Ask HN: Do you scrape data? What do you use it for?

klez · on April 17, 2018

I do scrape. We are making a sort of meta-search engine for long term car rental, so to bootstrap it we are scraping offer from various sites and directing users to the original websites to actually go through with the offer.

If anyone is interested in more detail, I can explain further.

deadcoder0904 · on April 18, 2018

Go on

klez · on April 19, 2018

Ok, here it goes.

The scrapers are written in python 2, because that's what the guys who started the project were familiar with.

Most of the scraping is done by hand with XPath queries on the pages we fetched, so no beautifulsoup or stuff like that. Again, I think mostly because those who started the project were not familiar with the task. It's not even that bad when I need to modify something (because the page changes etc.), as the code is very well written.

The problems started when the CEO and CTO proposed (mandated?) to use something made by a guy who is supposed to be a web scraping expert in the same domain we're working in (I don't doubt that, but still...). The software it gave us is written in Ruby (which no-one here ever even saw a line of) and Rails, and works with recipes instead of the imperative code + xpath we used at the beginning. It works flawlessly until it doesn't. Mainly because there's a big logical error (if an offer disappears from the original website we should mark it as deleted on our db, but the scrapers tells us it's still there) and I don't have time to learn ruby, rails and the whole system to fix this. And the original dev is not available anymore. So we're phasing that out and going back to our nice land of python :)

Anyway the process goes like this:

1. Scraper fetches the page, scrapes the data, and generates a JSON file with the info of all the offers it finds

2. Those JSON files are uploaded on S3

3. A trigger on S3 calls the "writer" on a EC2 instance, that downloads the JSON file, unpacks the content and writes the data to a postgres database.
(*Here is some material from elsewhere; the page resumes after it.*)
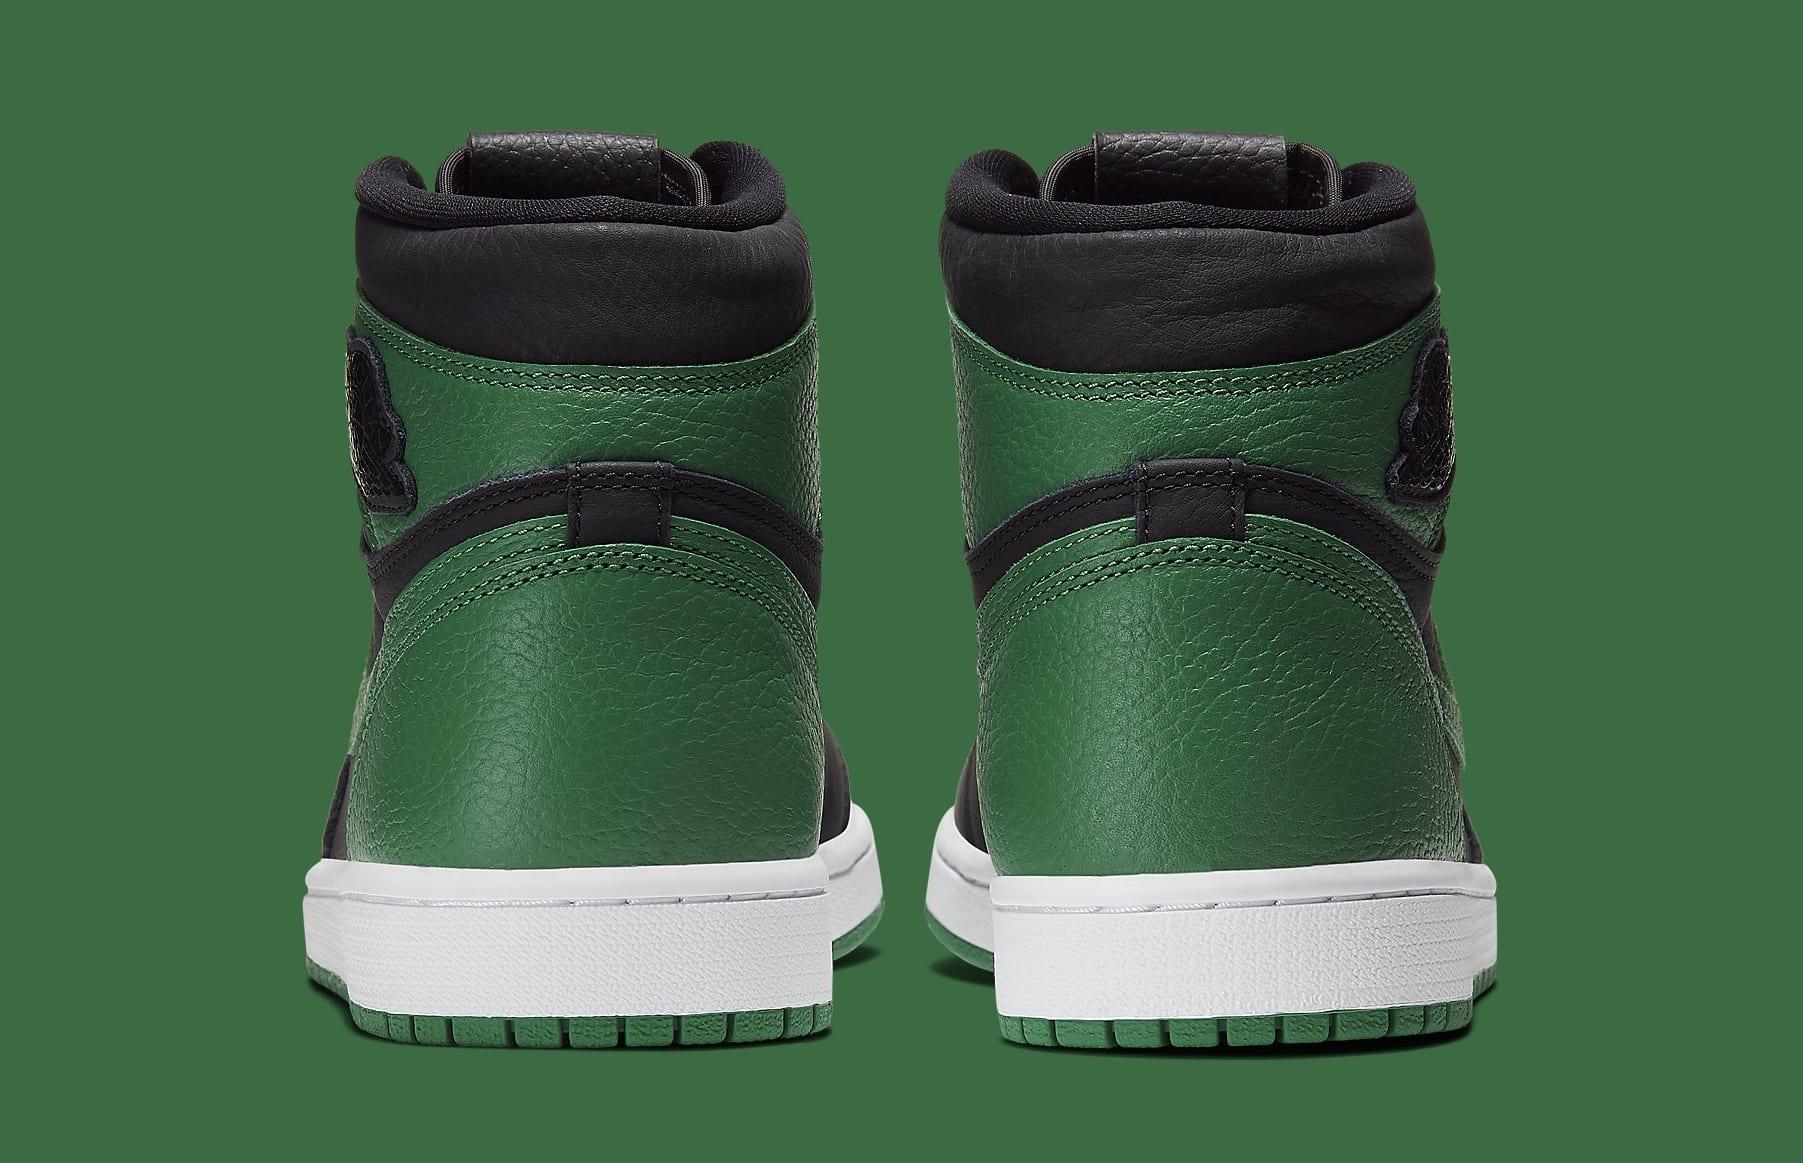 air-jordan-1-retro-high-og-pine-green-555088-030-heel

Current problem: scraping arbitrary strings representing car options and categorizing them. We have something like 15,000 strings that need to be put inside a category. Manually.

xstartup · on April 17, 2018

Ad scraping can be very profitable.

See: https://adplexity.com/

is_true · on April 19, 2018

I don't understand something. How do they know how many impressions ads get? They are just scraping or they have access to ad networks stats?

xstartup · on April 19, 2018

It's determined based on guesswork.

If you scrap a website, you'll know how what % of times an ad shows up.

Now, if you know the distribution for top N ads. You can skip everything and go straight to the ad network and check their total number of impression volume on particular website/GEO. You can pretend to be an advertiser and easily get access to this info.

Now, you know the distribution and total, can't you work out the impression count for each ad?

is_true · on April 20, 2018

skinnymuch · on April 20, 2018

How profitable is Adplexity? It’s used as an example.